Arc Forumnew | comments | leaders | submitlogin
1 point by akkartik 4540 days ago | link | parent

> "There may be a fundamental law that the more underpowered the language, the easier it is to read."

That's a lot stronger claim than your original :) Aren't python, ruby, and haskell all high-power but easy to read?

There's the confounding effect of learnability; lisp gets more readable over time. There's also the confounding effect of density or difficulty. This quote captures both:

"If you're used to reading novels and newspaper articles, your first experience of reading a math paper can be dismaying. It could take half an hour to read a single page. And yet, I am pretty sure that the notation is not the problem, even though it may feel like it is. The math paper is hard to read because the ideas are hard. If you expressed the same ideas in prose (as mathematicians had to do before they evolved succinct notations), they wouldn't be any easier to read, because the paper would grow to the size of a book." (http://www.paulgraham.com/power.html)



2 points by nburns 4536 days ago | link

I seem to have overlooked this post until just now...

Incidentally, I've never written python, ruby, or haskell, except for a tiny amount of python.

Good quote. I've been reading a lot of computer science papers lately, and I tend to skip over the math formulas and focus on the text. This could be because I'm reading them for "fun" and not because I have to for a class, or something. But I have always found it hard to take in dense notation, and preferred a conceptual argument. Maybe it's just that I have a deficiency in that area. But I think prose has the potential to carry powerful insights that are out of the reach of formulas; I suspect the problem is that succinct, brilliant prose is just incredibly hard to write. It's probably easier to just list formulas than to get deep ideas into prose. The reverse is also true, of course. Some ideas can only be expressed properly with notation.
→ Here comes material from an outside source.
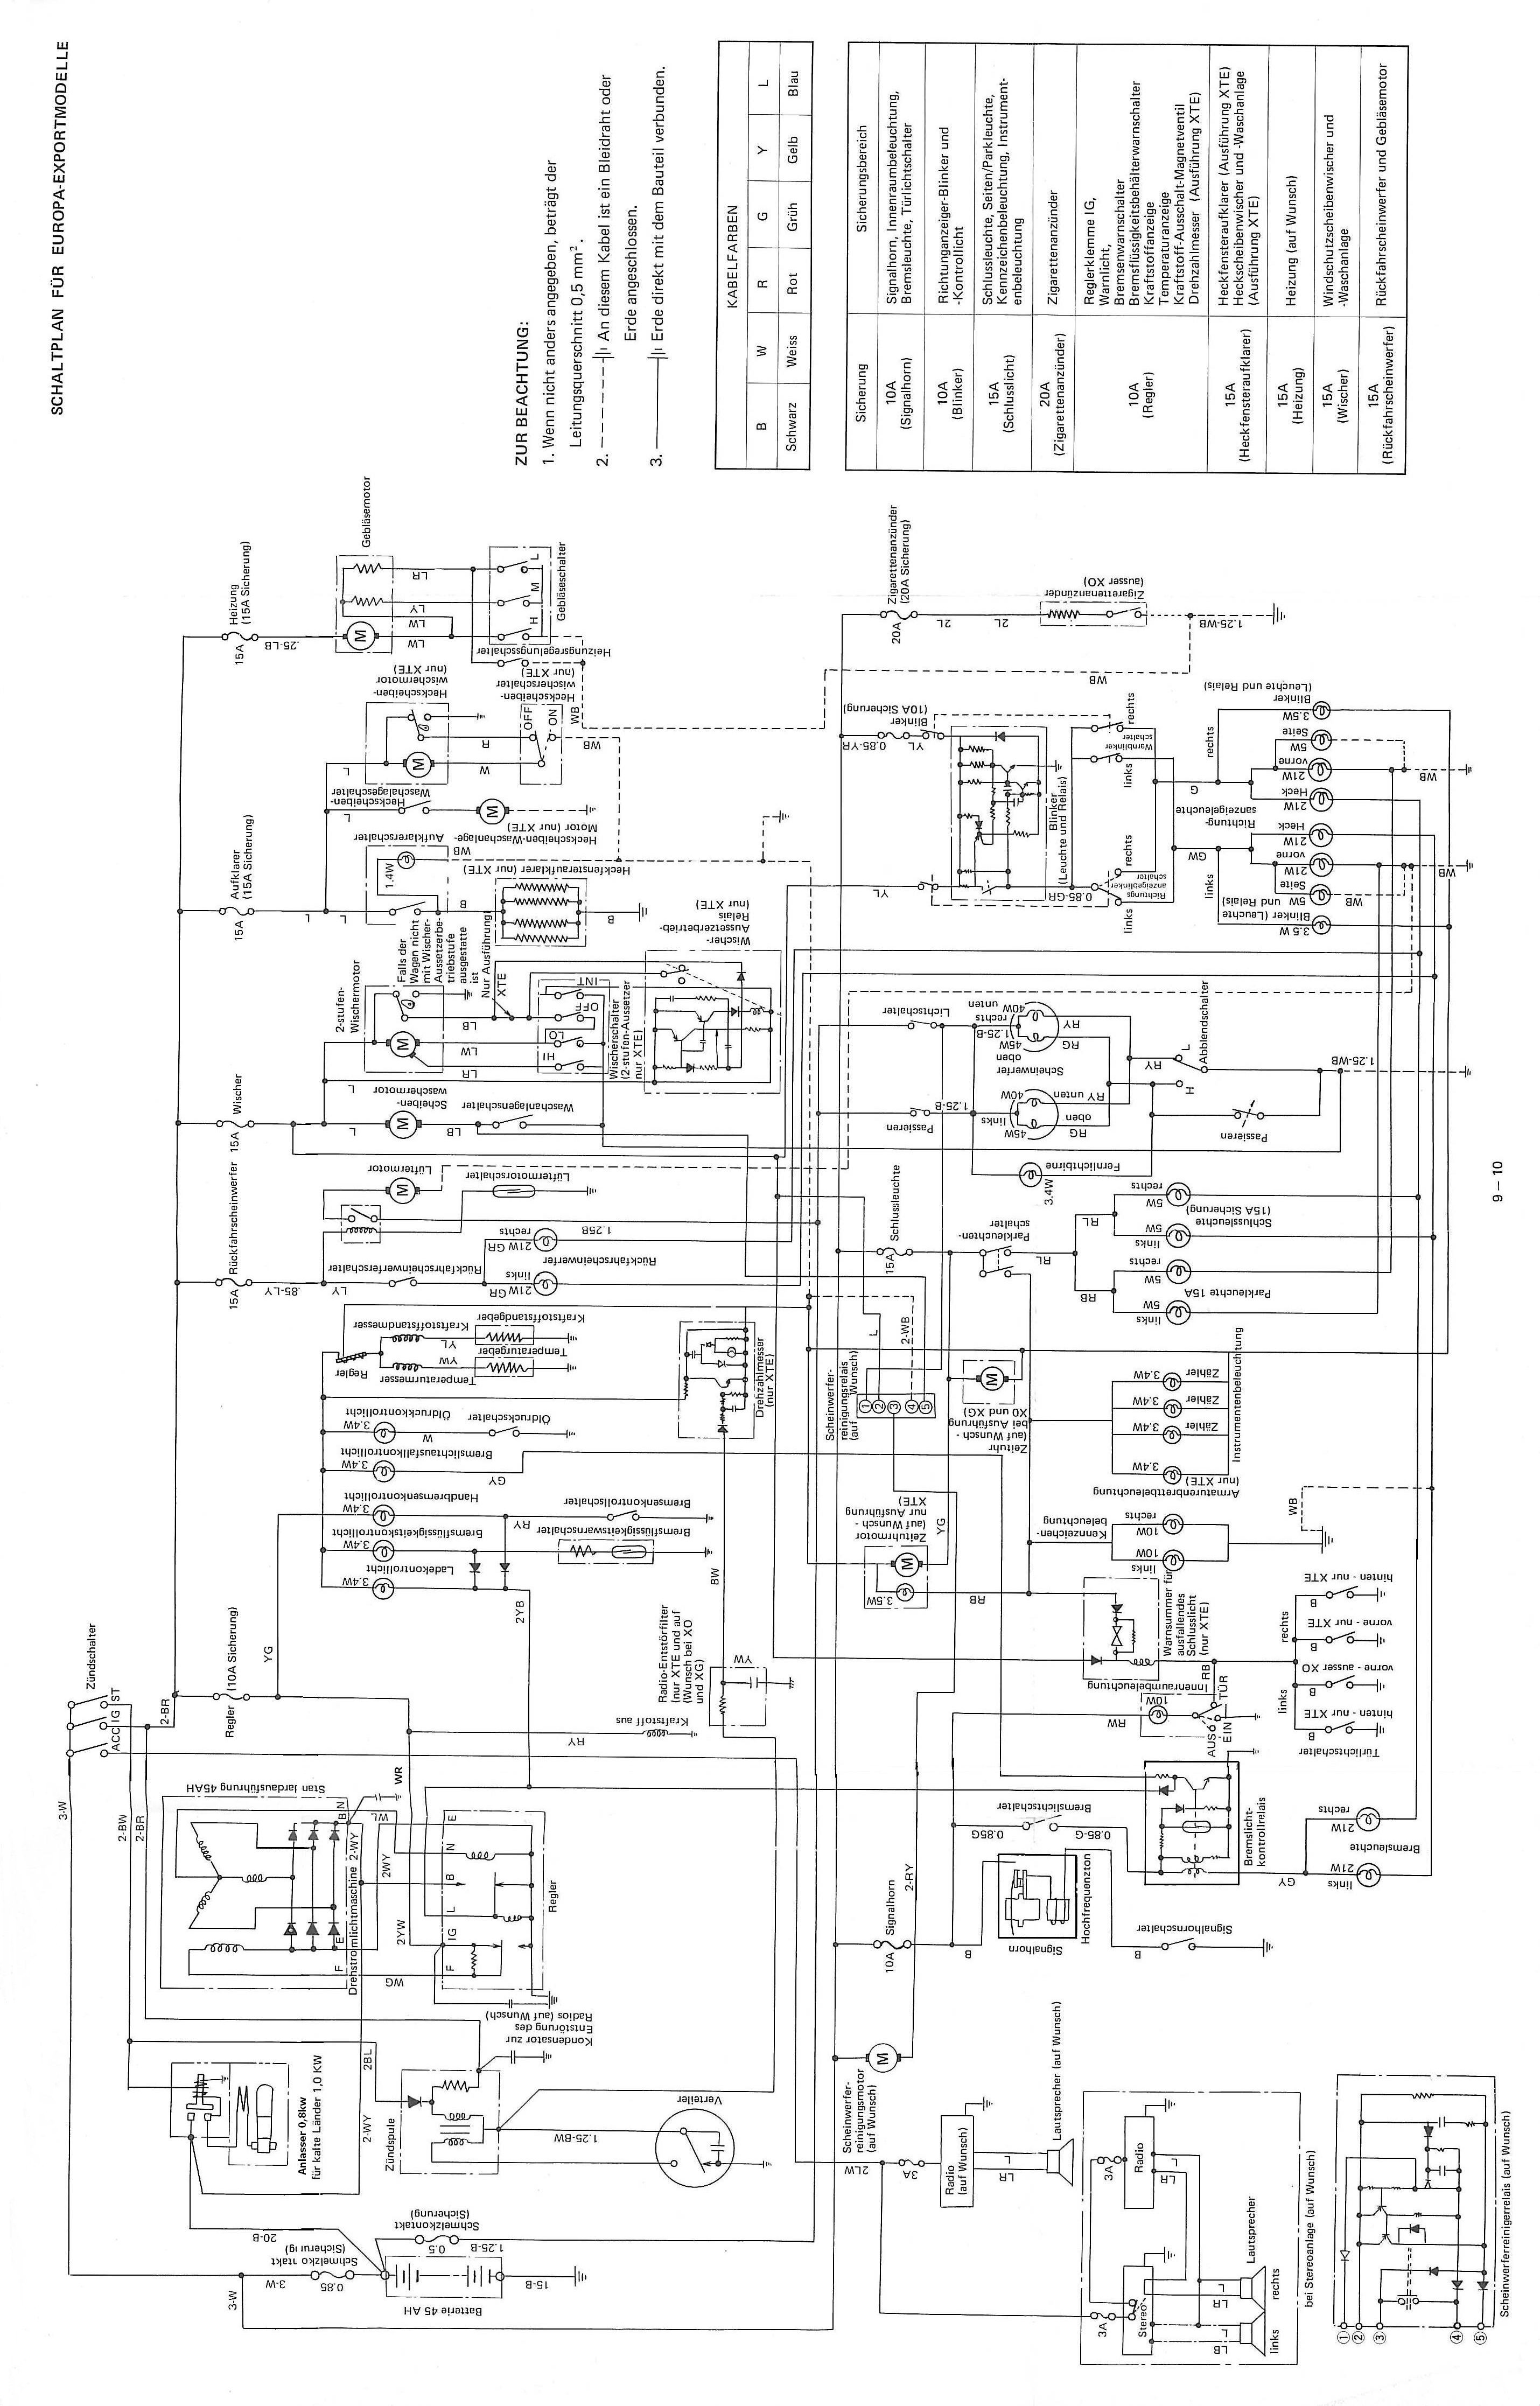 Hijet S80 Wiring Diagram 1991 Daihatsu Hijet Wiring Diagram Full Hd Version Wiring Of Hijet S80 Wiring Diagram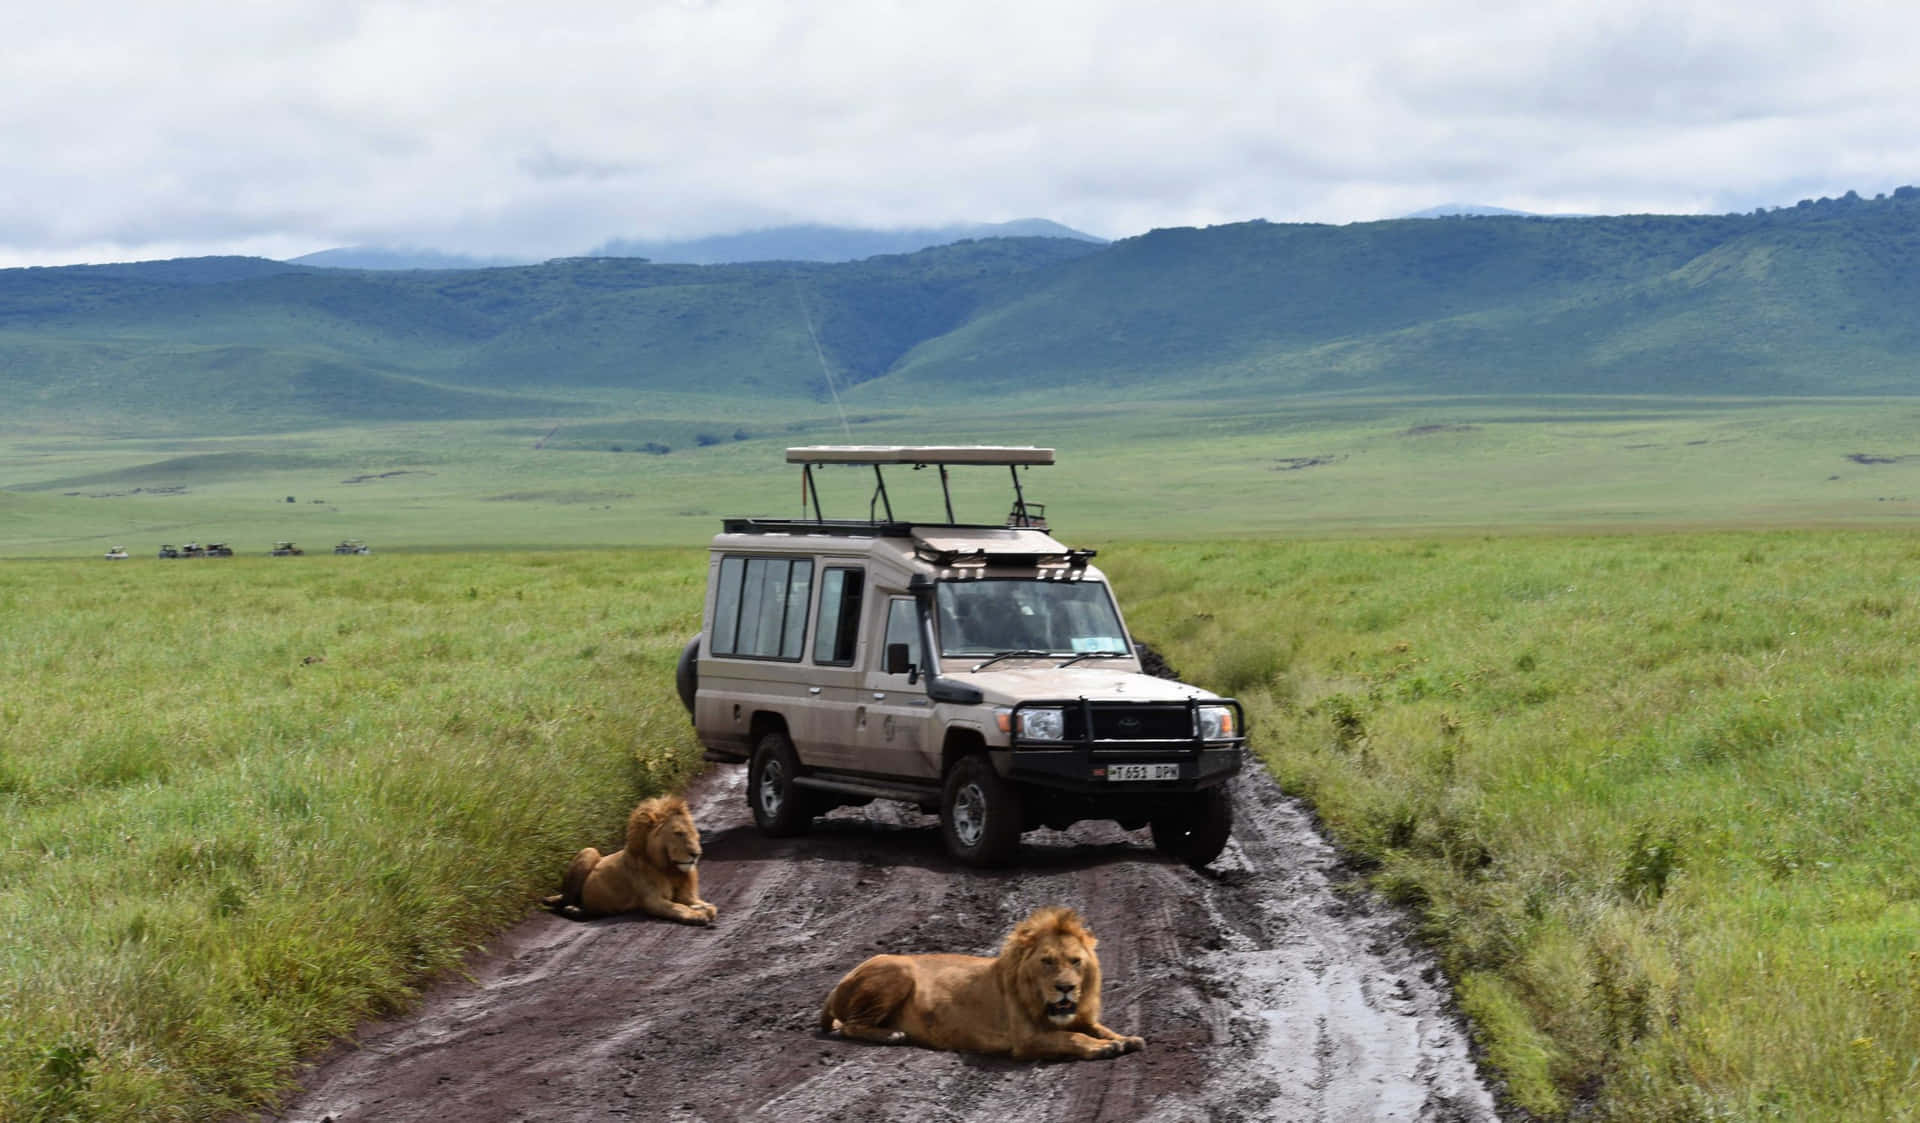 Lion And Safari Vehicle At The Tanzania Ngorongoro Crater Wallpaper

But that probably has nothing to do with programming language syntax per se.

-----

1 point by rocketnia 4535 days ago | link

"I've been reading a lot of computer science papers lately, and I tend to skip over the math formulas and focus on the text."

I do that too. :) Unfortunately, at some point it gets hard to understand the prose without going back to read some of the fine details of the system they're talking about. XD

-----

2 points by nburns 4535 days ago | link

I tend to jump around. The introduction is usually boilerplate for the particular area of research, so it can be skipped. (I wonder how many different papers have told the story of the memory hierarchy and how it's getting more and more important as data gets bigger.) Then I try to figure out if the paper has anything important to say, before working on the math. I figure that sometimes the big idea of the paper is in the math, and other times, the big idea is in the text, and the math is just obligatory. (You can't publish a paper on an algorithm without spelling out the precise bounds on time and space, even if the formula contains 15 terms. Not all 15 terms can be important to the performance, but it certainly is important to put them in the paper.) I guess it depends on the field, but in the data structures papers I like to look at, it usually doesn't take a lot of math notation to express the key innovation.

-----

1 point by akkartik 4536 days ago | link

"But that probably has nothing to do with programming language syntax per se."

Why do you say that? Syntax is notation. Check out this paper by the guy who invented APL, when they gave him his Turing award: http://awards.acm.org/images/awards/140/articles/9147499.pdf

-----

2 points by nburns 4535 days ago | link

I don't disagree with you. I was arguing for the value of well-written prose.